Research & Papers

GAFSV-Net: A Vision Framework for Online Signature Verification

New method treats signature data as pictures, outperforming all sequence-based models.

Deep Dive

GAFSV-Net converts online signature temporal sequences into six-channel asymmetric Gramian Angular Field images, enabling the use of pretrained 2D vision backbones (ConvNeXt-Tiny) instead of 1D architectures. A dual-branch encoder with bidirectional cross-attention processes GASF and GADF matrices representing pen speed, pressure derivative, and direction angle.

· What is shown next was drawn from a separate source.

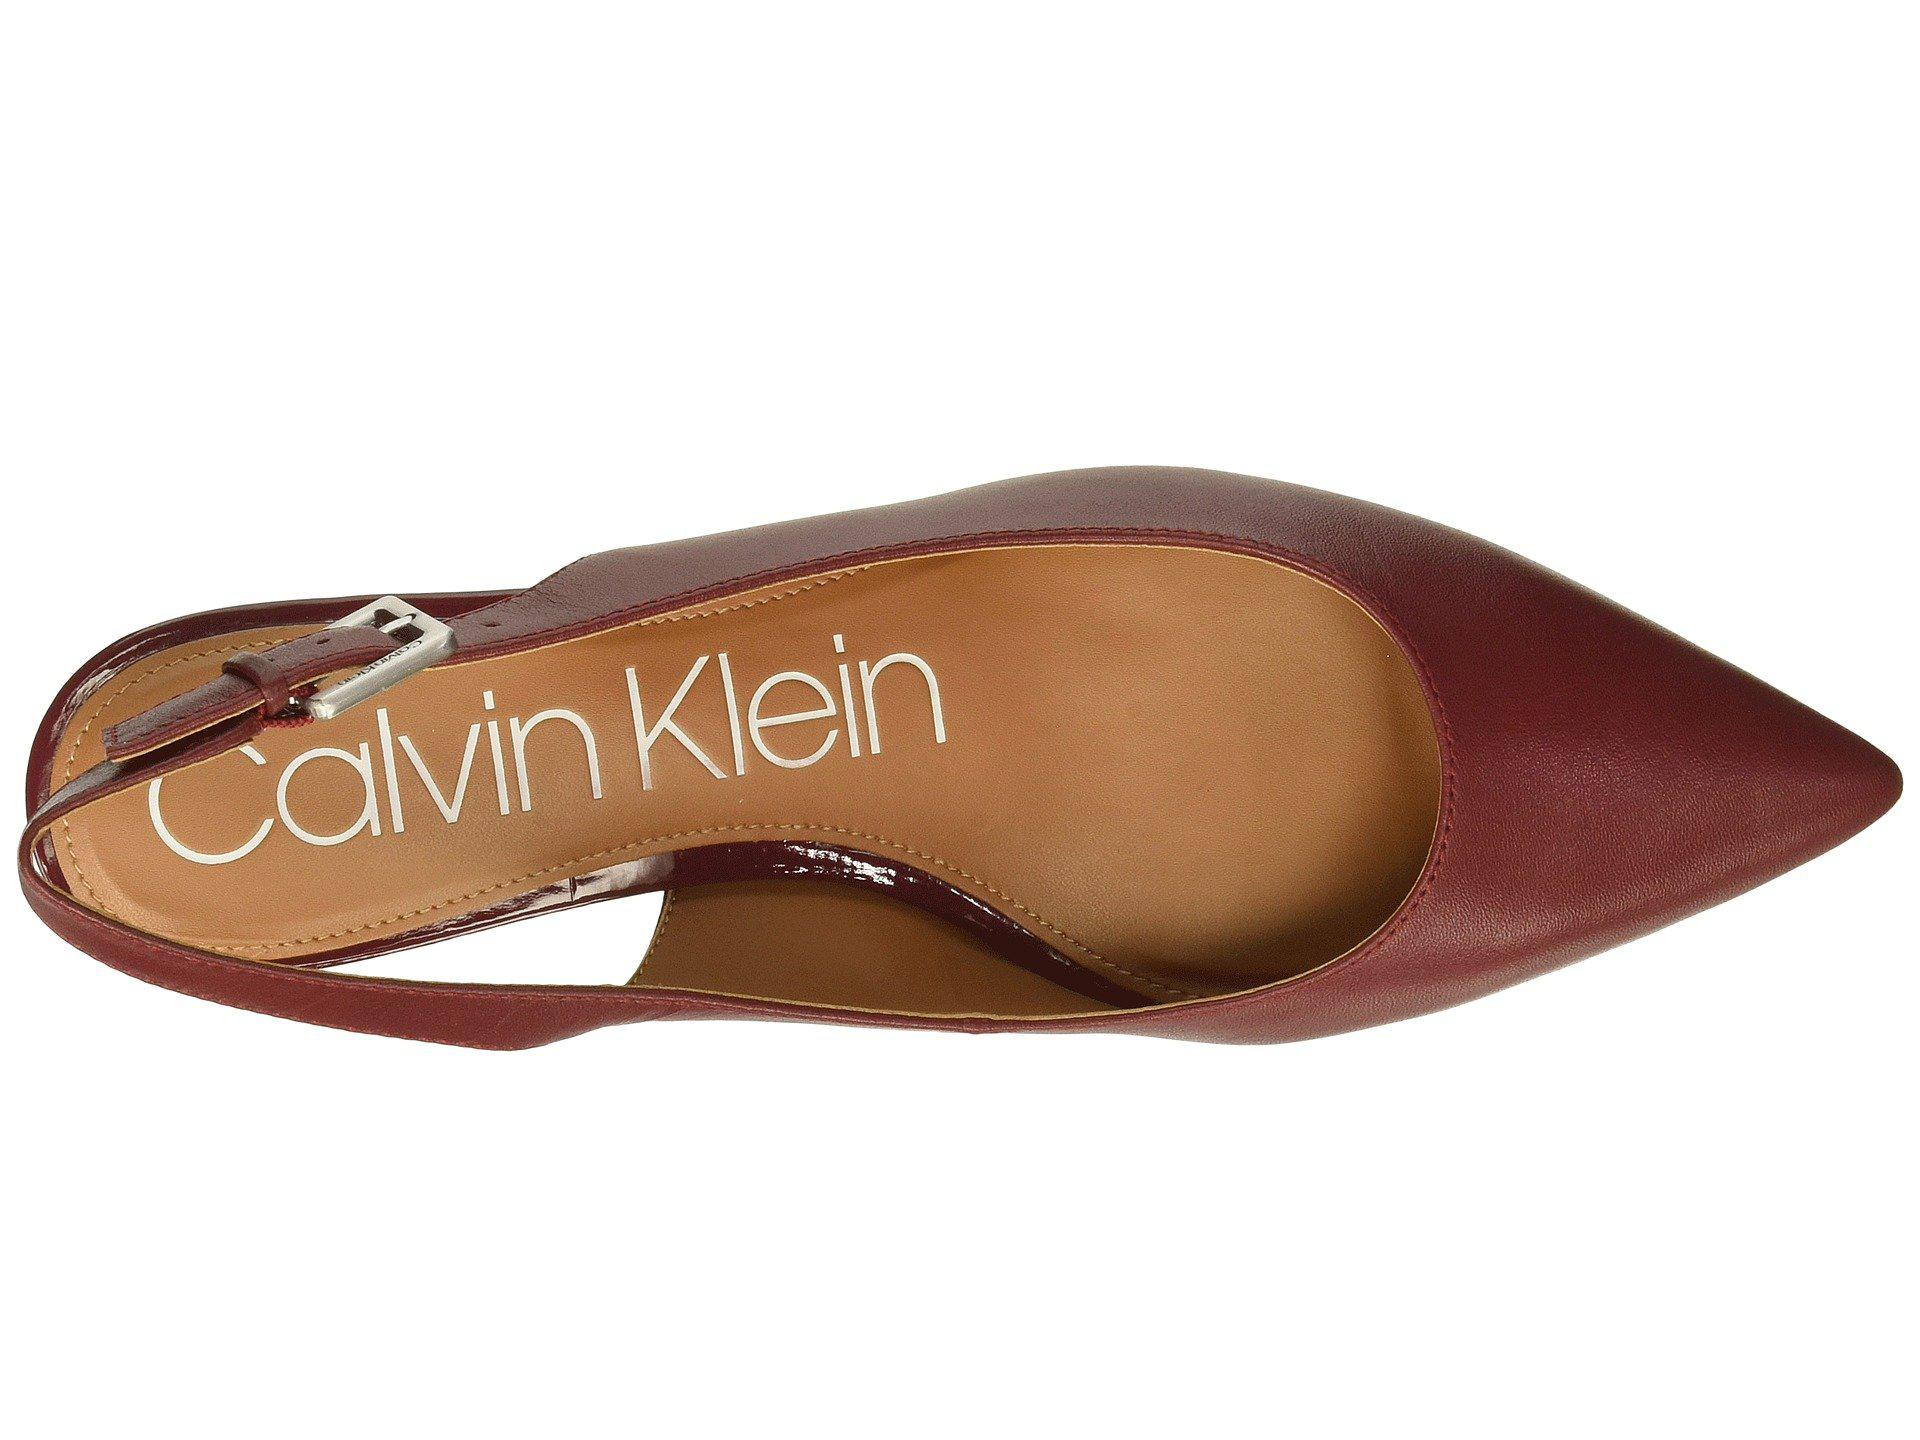 24430a306c3 Lyst - Calvin Klein Glorianne (red Rock Nappa) Women s Shoes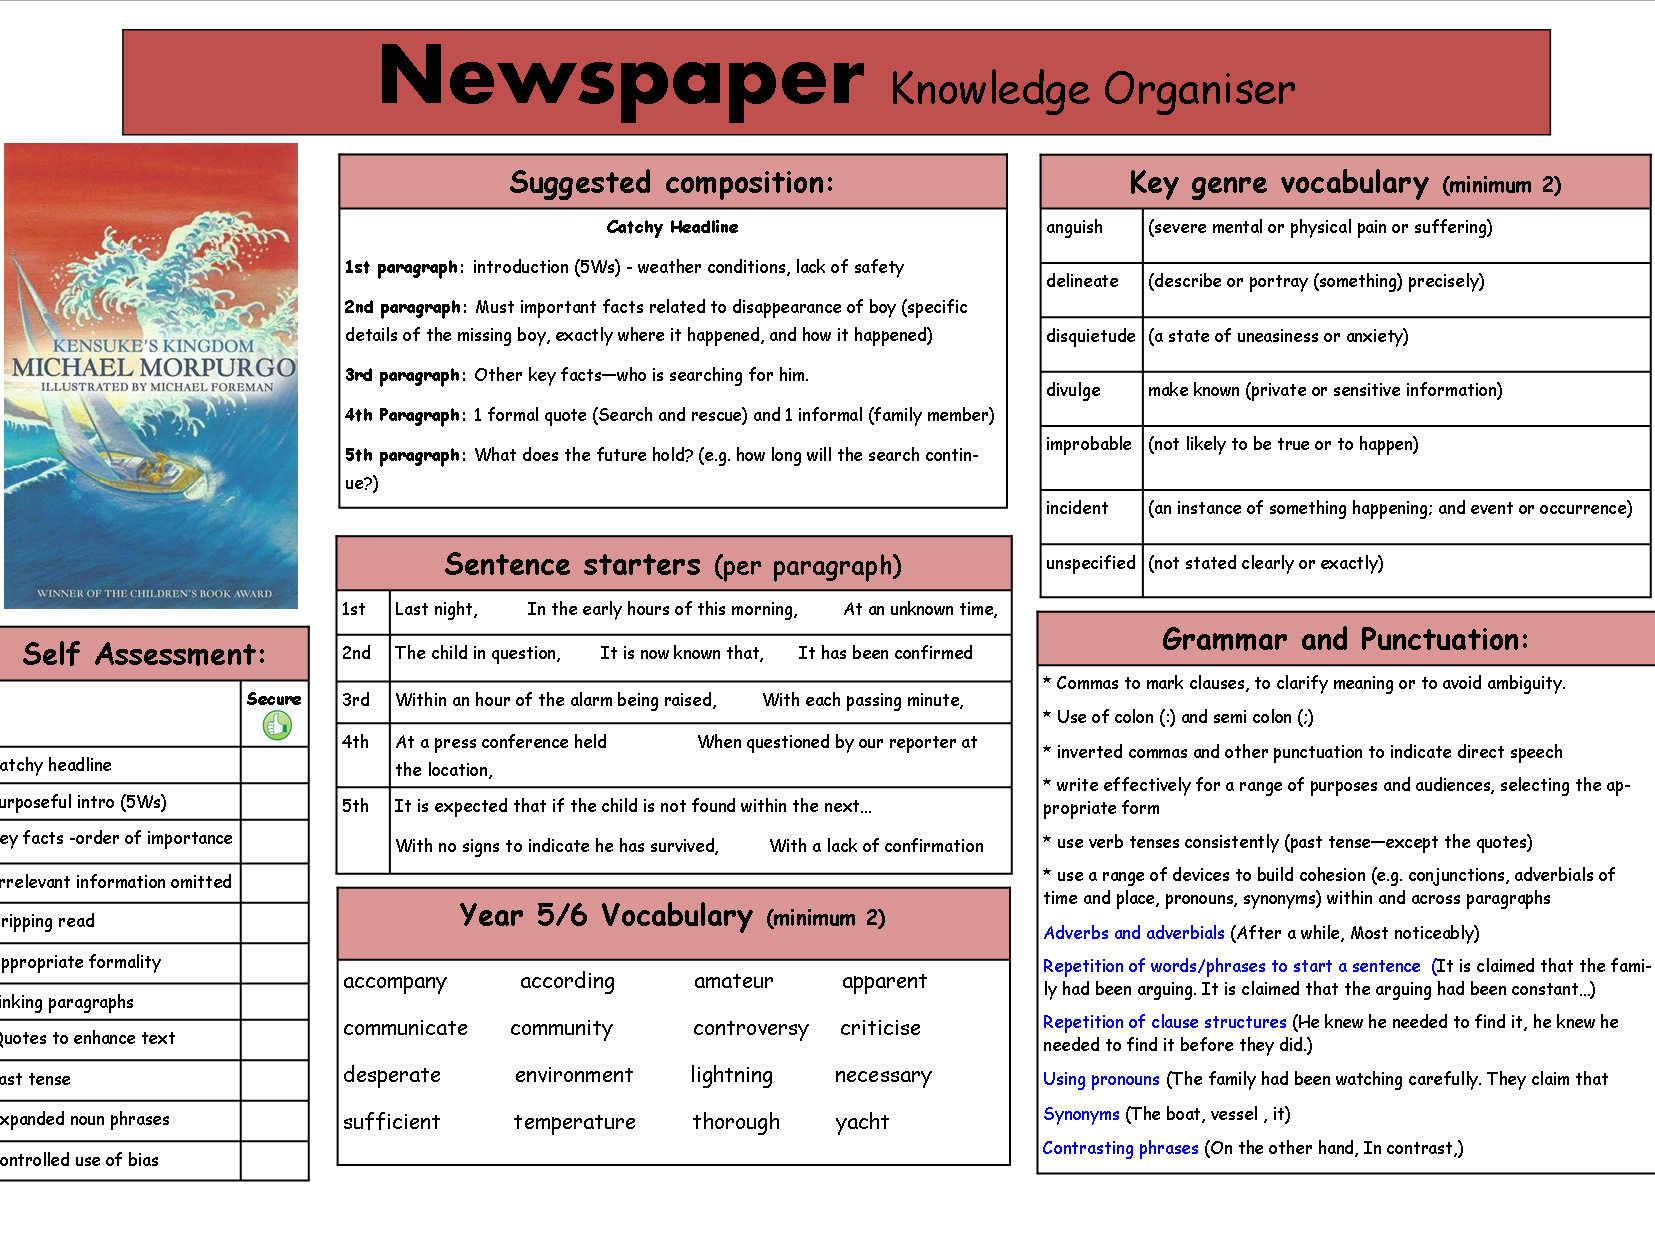 Newspaper Knowledge Organiser based on Kensuke's Kingdom

Trained with semi-hard triplet loss and skilled-forgery hard-negative injection, GAFSV-Net outperformed all sequence-based baselines trained under identical objectives on DeepSignDB and BiosecurID, demonstrating that the representational gain of 2D temporal encoding is consistent and independent of training procedure.

Key Points
  • Converts 1D signature sequences (pen speed, pressure, direction) into 2D GASF and GADF images for vision backbone processing.
  • Uses a dual-branch ConvNeXt-Tiny encoder with bidirectional cross-attention to fuse complementary temporal patterns.
  • Outperforms all sequence-based baselines on DeepSignDB and BiosecurID, with ablation studies confirming the benefit of the 2D encoding approach.

Why It Matters

Enables high-accuracy signature verification with pretrained vision models, improving security in banking and authentication systems.